私自身もプラシーダスを使いますが、時々高緯度地域にお住まいの海外のお客様を拝見する際はコッホやイコールで見ることもあります。(高緯度地域をプラシーダスで見るとハウスの大きさが極端に偏るのです)
ただ日本生まれの方が高緯度地域に移住した際のリロケーションチャートを見る時、ハウスの支配星の流れなど考えるとその対処が本当に適切なのかどうか、自分でも厳密にはよく分かっていない、確信が持てない面があります。
またこれは私の勉強不足なのですが、ホールサインを使う時、個人が持つ偏った独自性・突出した独自性をサインやアスペクト以外でどう具体的に見ていくのか、またハウスの支配星の流れから個人の資質に細かくフォーカスする時にどう見るのか、そういった場合はプラシーダスの方が適切なのではないか。
しかし高緯度地域も含めて複数の人を同条件で見ていくとなるとイコールやホールサインが適切なのではないか……と、もちろんどのハウスが正しい!というわけではないと思うのですが、もしかしたらハウスを組み合わせてみるとより現状に肉薄していけるのではないか、見たいテーマによってハウスを変えるのが良いのか、などよく分からないままグダグダと考えているところです。
ハウスの問題については皆川剛士先生が翻訳されたデボラ・ホールディング著「ハウス 天空の神殿」にも詳しく書かれています。

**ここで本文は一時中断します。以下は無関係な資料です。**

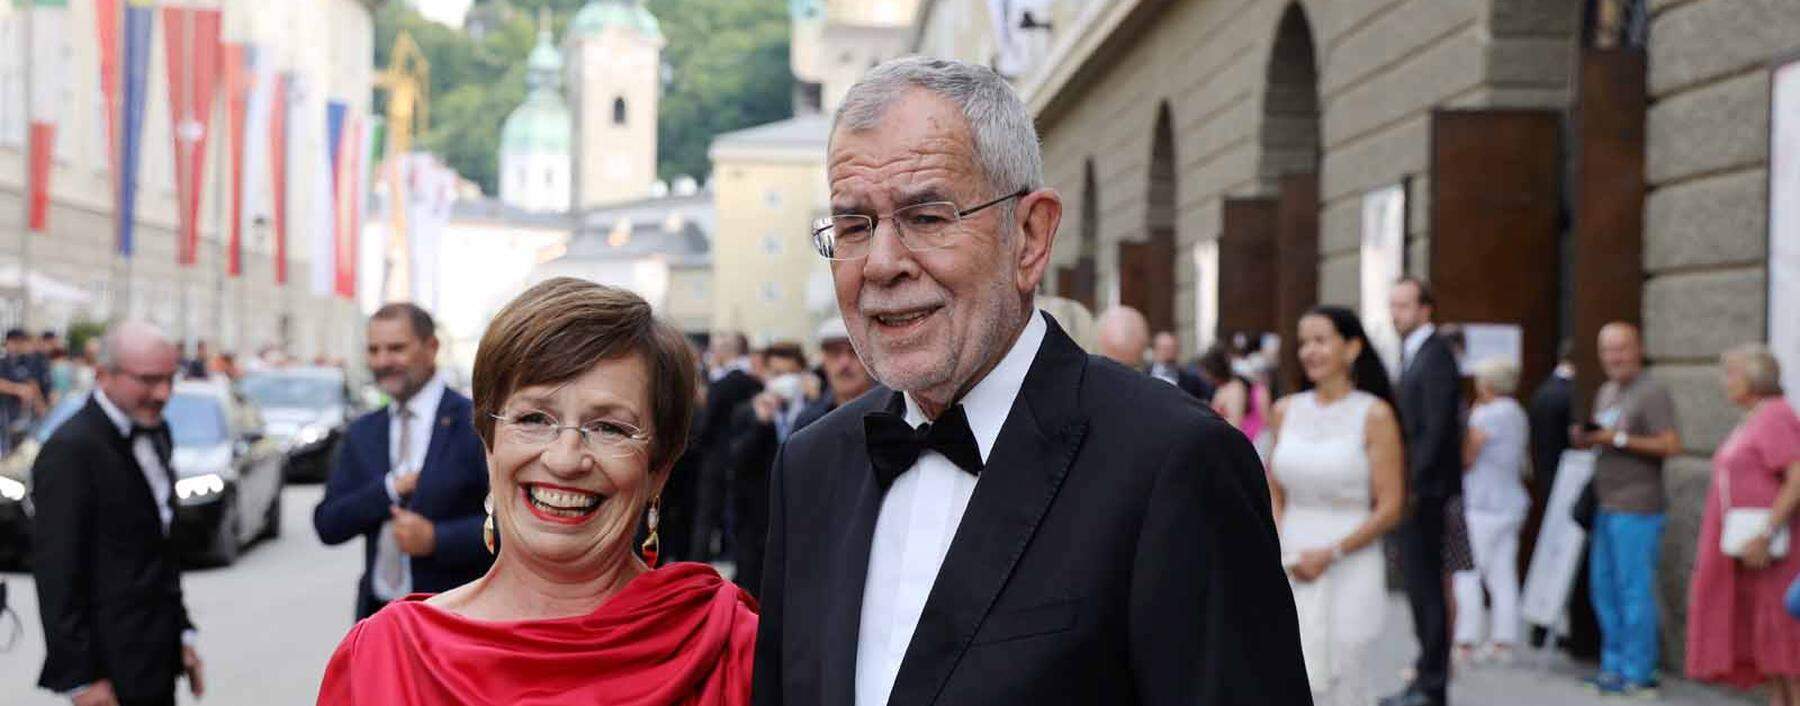 Salzburger Festspiele Don Giovanni Premiere Salzburg, 26. 07. 2021 Alexander van der BELLEN mit Frau Doris - *** Salzbu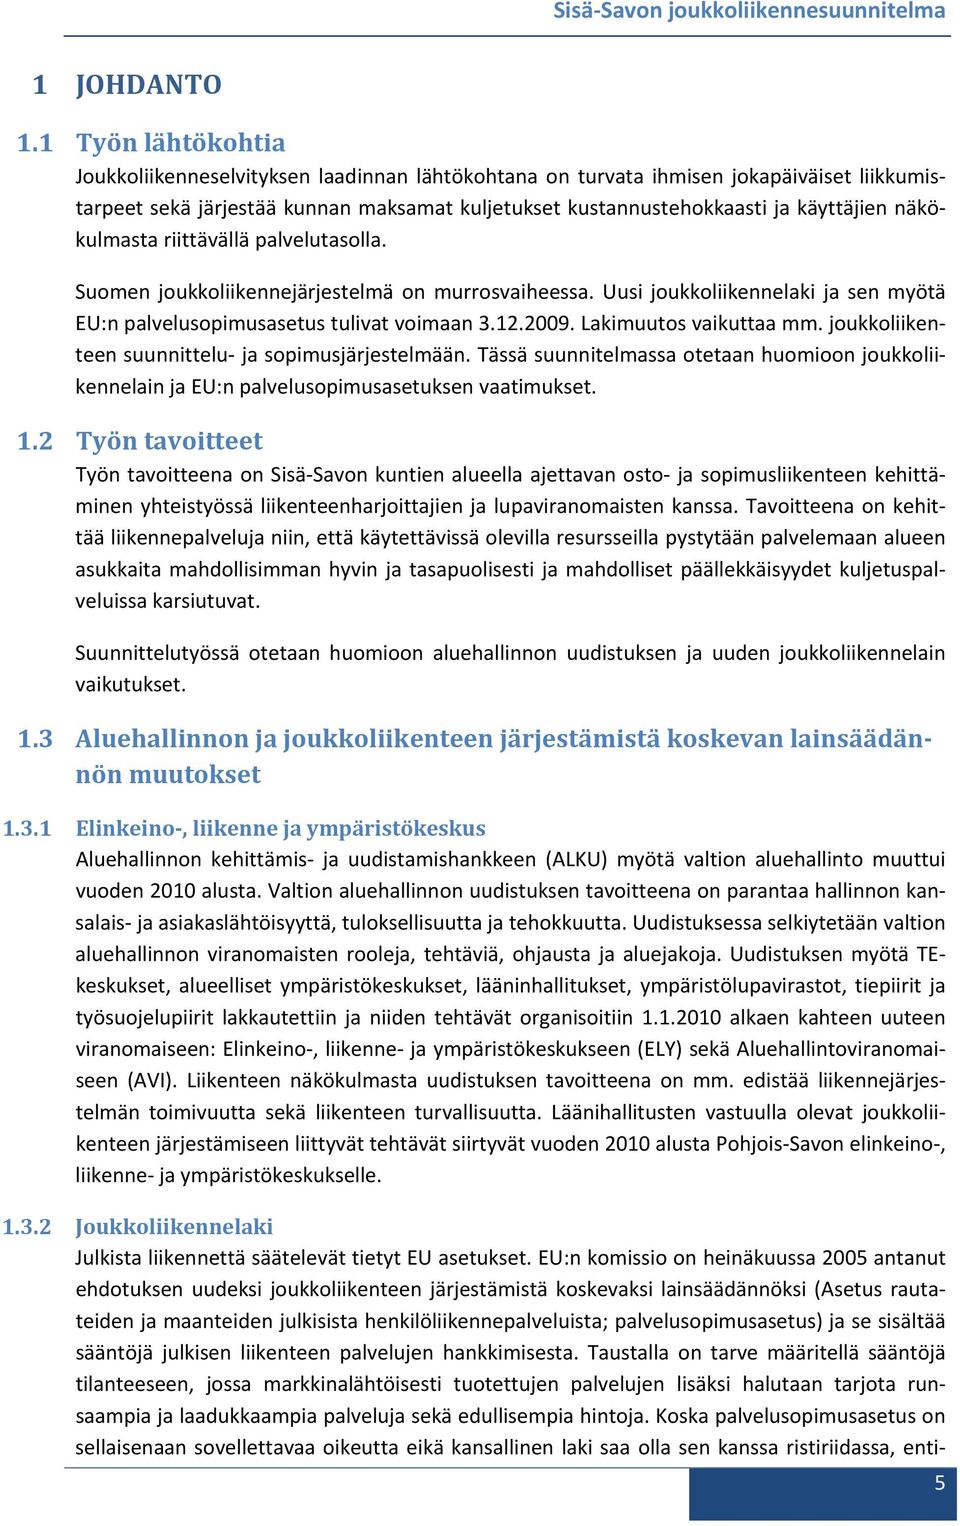 näkökulmasta riittävällä palvelutasolla. Suomen joukkoliikennejärjestelmä on murrosvaiheessa. Uusi joukkoliikennelaki ja sen myötä EU:n palvelusopimusasetus tulivat voimaan 3.12.2009.

何度も読み返したいと思っています。
プラシーダスは実際の現状とリンクする
とは言え今回、私とAさんの出生図をプラシーダスでよくよく見比べることで———これは私もAさんも日本という中緯度地域にいるからこそなのですが———やはりプラシーダスで見るハウスの違い・プラシーダスで見るハウスの支配星の流れの違いは、実際のキャラクターの違いや特性・適性の違いと明らかにリンクする、と考えて良いのではないかと再認識した次第なのです。
Aさんと出会えたこと、お会いして楽しく美味しいランチ&お茶ができたこと、普段人には話さないようなことを打ち明け合えたこと。
そしてAさんのおかげで、同じ生年月日同士、根本的に痛烈に通じ合えるところはあれど、やはり人というのはひとりひとり唯一無二の複雑さを持った存在なのだと実感することができました。
またAさんのご協力によって、ずっと悩んでいたハウスの問題に検証しながら取り組める機会ができたことに感謝しています。
その取り組みが私達のようなケースや双子など、より細やかな違いを知りたい、というお客様のお役に立てればいいなと思っています。